_Data excerpts:_
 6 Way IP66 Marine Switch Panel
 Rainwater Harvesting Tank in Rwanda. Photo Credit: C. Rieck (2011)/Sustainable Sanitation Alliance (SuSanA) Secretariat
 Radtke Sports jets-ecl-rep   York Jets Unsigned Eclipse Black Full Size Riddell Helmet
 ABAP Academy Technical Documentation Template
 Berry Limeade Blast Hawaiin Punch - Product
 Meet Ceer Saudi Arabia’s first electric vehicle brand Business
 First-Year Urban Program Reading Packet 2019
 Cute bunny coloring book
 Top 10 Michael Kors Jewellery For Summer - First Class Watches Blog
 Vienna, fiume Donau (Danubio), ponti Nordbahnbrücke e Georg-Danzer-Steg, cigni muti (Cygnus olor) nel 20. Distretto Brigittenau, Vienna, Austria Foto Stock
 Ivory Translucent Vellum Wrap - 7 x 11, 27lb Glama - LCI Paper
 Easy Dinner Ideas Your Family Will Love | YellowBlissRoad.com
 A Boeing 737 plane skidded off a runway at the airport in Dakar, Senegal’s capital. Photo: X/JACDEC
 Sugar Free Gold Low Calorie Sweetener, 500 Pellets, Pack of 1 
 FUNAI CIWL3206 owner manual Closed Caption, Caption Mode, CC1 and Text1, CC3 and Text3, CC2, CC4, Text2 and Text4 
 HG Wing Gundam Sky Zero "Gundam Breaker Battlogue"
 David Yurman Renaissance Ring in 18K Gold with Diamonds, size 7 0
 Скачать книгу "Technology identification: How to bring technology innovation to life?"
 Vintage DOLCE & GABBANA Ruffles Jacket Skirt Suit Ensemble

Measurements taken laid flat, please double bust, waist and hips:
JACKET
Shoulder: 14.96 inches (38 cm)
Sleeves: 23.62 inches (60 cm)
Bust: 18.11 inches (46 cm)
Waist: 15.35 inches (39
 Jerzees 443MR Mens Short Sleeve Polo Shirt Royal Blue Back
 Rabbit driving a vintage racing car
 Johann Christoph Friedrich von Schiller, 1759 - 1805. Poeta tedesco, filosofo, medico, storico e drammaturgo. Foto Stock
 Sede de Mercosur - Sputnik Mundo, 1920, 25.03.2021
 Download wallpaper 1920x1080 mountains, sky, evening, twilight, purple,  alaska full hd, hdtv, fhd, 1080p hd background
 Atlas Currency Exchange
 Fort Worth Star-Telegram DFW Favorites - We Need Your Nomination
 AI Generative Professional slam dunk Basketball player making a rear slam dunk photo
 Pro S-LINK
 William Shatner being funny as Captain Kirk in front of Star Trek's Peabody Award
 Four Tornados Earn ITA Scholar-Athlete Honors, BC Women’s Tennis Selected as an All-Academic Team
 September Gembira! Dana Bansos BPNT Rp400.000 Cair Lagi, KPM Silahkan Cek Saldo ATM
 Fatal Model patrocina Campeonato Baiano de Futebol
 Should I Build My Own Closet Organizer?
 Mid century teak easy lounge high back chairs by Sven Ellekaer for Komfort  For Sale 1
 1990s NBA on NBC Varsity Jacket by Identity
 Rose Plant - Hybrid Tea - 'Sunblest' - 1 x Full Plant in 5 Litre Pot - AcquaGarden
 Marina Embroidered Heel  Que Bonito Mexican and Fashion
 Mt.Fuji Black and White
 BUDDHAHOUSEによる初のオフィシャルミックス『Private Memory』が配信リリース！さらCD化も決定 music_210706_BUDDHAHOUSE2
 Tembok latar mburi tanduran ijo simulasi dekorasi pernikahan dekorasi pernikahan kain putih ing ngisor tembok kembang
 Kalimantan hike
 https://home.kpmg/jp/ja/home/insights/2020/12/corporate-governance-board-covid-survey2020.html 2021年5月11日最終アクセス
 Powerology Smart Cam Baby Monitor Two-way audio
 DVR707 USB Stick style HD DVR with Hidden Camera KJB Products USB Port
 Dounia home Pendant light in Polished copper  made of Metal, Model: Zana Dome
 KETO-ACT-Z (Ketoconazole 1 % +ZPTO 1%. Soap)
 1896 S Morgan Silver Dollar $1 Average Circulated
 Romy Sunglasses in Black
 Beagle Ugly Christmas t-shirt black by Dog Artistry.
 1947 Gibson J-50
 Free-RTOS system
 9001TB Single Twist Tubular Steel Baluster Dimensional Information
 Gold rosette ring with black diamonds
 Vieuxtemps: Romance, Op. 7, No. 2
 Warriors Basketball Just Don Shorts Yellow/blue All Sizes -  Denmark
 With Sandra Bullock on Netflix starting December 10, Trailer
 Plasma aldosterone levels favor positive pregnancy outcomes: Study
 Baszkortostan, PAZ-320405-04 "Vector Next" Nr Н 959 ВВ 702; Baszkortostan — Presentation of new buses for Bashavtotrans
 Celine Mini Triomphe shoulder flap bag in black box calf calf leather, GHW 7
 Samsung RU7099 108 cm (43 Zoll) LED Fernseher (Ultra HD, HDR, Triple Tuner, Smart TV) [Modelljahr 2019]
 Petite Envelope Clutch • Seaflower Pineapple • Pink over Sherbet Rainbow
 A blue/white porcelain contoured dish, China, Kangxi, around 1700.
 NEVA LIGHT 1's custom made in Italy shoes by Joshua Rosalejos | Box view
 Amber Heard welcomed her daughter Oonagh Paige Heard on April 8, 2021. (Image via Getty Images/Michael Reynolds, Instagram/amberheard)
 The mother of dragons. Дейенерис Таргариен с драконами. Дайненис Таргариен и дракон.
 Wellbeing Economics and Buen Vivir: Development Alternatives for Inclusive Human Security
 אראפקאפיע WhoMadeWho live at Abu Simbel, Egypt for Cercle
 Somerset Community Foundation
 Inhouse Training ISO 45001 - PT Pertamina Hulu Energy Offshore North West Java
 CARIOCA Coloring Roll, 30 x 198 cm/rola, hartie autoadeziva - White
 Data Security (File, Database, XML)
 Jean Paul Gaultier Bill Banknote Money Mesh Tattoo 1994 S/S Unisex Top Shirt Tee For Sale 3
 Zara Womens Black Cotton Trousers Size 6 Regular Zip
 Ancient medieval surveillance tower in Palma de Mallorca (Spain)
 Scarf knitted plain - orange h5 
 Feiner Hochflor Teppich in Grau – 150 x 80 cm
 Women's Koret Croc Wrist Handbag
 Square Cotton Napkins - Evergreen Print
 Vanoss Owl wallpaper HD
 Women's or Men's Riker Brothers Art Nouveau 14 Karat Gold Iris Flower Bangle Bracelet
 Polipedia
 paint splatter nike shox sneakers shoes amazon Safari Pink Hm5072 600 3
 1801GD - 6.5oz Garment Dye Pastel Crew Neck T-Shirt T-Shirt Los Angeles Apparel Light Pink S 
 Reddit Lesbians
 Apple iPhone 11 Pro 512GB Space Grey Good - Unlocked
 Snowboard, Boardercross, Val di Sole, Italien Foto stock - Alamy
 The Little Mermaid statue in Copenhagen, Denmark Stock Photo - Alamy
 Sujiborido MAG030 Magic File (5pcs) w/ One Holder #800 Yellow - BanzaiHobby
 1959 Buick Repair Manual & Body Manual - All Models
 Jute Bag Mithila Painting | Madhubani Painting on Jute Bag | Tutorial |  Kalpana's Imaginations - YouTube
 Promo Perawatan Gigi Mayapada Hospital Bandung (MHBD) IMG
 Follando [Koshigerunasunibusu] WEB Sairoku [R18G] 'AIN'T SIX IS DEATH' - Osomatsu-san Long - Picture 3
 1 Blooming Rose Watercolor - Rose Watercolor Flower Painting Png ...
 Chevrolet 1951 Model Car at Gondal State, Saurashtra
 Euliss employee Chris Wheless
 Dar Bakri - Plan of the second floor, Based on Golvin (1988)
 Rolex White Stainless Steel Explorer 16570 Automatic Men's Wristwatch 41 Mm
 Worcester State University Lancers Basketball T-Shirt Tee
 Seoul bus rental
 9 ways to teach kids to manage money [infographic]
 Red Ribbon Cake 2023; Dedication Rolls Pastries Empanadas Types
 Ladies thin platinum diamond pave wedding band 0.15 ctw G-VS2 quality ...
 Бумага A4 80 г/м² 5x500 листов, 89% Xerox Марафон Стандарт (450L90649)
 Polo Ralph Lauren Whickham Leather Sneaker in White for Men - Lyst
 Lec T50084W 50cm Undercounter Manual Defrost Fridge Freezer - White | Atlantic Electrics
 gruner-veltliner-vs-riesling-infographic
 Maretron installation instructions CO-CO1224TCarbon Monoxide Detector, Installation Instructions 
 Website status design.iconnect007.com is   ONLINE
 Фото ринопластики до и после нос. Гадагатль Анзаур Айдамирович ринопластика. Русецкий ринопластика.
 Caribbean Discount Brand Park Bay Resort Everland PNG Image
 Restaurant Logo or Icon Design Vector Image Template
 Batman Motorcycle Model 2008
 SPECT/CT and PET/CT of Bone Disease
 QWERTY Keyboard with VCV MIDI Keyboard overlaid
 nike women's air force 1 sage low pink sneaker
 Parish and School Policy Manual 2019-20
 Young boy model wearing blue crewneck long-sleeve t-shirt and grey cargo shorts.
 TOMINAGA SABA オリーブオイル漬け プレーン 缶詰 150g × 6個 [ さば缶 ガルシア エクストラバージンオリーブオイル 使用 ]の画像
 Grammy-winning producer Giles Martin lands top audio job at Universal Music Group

_Task to carry out:_
Would you print exactly, and only, the lines of the data above from the line with "Ancient medieval surveillance" through the line with "1959 Buick Repair", inclusive?

_Result of the exercise:_
 Ancient medieval surveillance tower in Palma de Mallorca (Spain)
 Scarf knitted plain - orange h5 
 Feiner Hochflor Teppich in Grau – 150 x 80 cm
 Women's Koret Croc Wrist Handbag
 Square Cotton Napkins - Evergreen Print
 Vanoss Owl wallpaper HD
 Women's or Men's Riker Brothers Art Nouveau 14 Karat Gold Iris Flower Bangle Bracelet
 Polipedia
 paint splatter nike shox sneakers shoes amazon Safari Pink Hm5072 600 3
 1801GD - 6.5oz Garment Dye Pastel Crew Neck T-Shirt T-Shirt Los Angeles Apparel Light Pink S 
 Reddit Lesbians
 Apple iPhone 11 Pro 512GB Space Grey Good - Unlocked
 Snowboard, Boardercross, Val di Sole, Italien Foto stock - Alamy
 The Little Mermaid statue in Copenhagen, Denmark Stock Photo - Alamy
 Sujiborido MAG030 Magic File (5pcs) w/ One Holder #800 Yellow - BanzaiHobby
 1959 Buick Repair Manual & Body Manual - All Models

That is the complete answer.